Quick-paced and punchy, Buffering also contains a lot of heart and characters to instantly connect with.

Bugeja added: “My favourite sitcoms like Gavin & Stacey or Starstruck, they’ve all got a bit of pathos which really makes you connect with the characters.

“We were very keen to deal with some serious topics and have actually bad stuff happen to our characters, not just funny stuff. I think that’s what makes you want to keep watching as well as laugh, hopefully.”

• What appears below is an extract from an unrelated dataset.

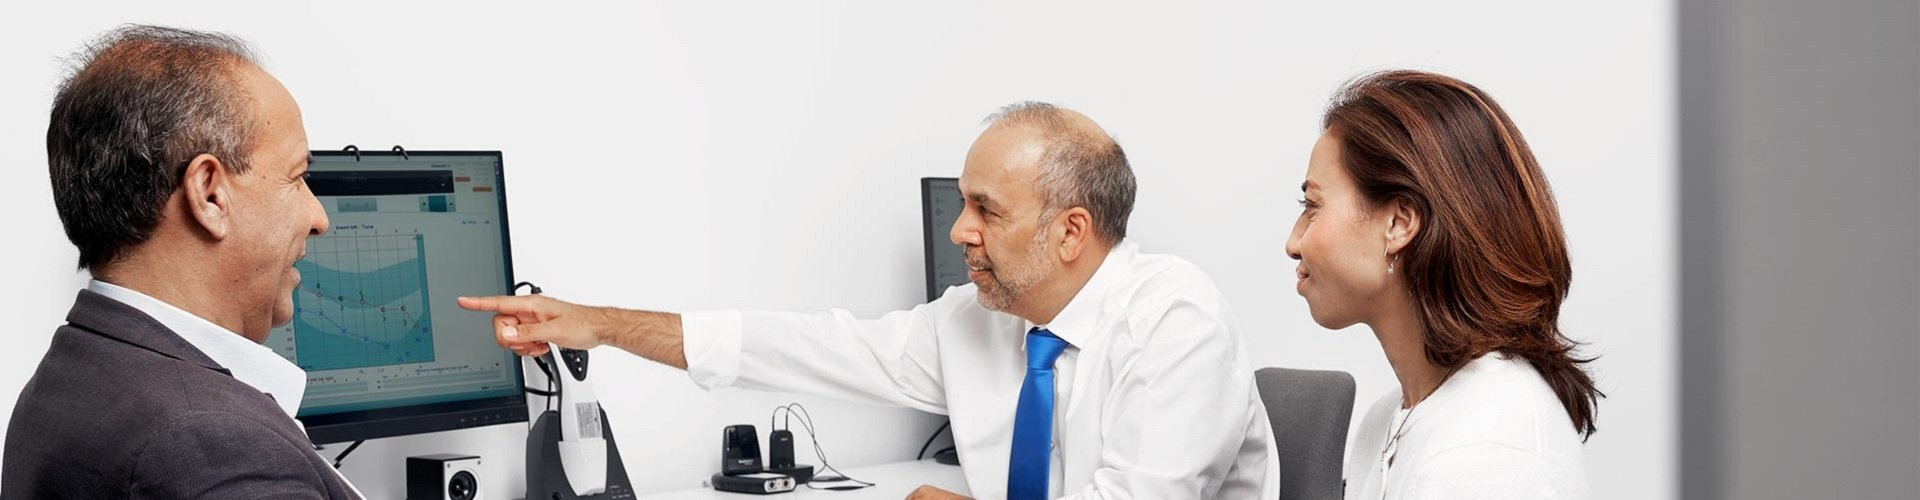 audiogramme-resultat-test-auditif

Young talent’s time to shine

Buffering is one of a number of shows featuring young UK comedians to have emerged in recent years as the next generation of comedy storytellers are given the chance to shine.

“It’s so exciting to watch people that we’ve come up with doing TV, so many of my peers are just smashing it,” Bugeja said. “Mae Martin’s Netflix show is great. We’ve got the same production company as Rose Matafeo, her show Starstruck is made by HBO as well as BBC Three.

“Their budget is slightly bigger than ours! Me and Iain were in this tiny office up in West London, below us Russell Howard was doing his TV show in a massive beautiful glass office and then Rose was next door with a fan, whiteboard, TVs… We were in this tired old office.”

No matter the location or budget, however, Bugeja has fulfilled one of his ambitions.

“It’s always been my dream to write a sitcom, from day one,” he said. “I wrote a script before stand-up. I love stand-up, the buzz of writing a joke, an Edinburgh show, is unrivalled.

“But I love writing stories, all the geeky structure stuff I really love it. This is where I’ve always wanted to get to really, and I want to keep doing it.”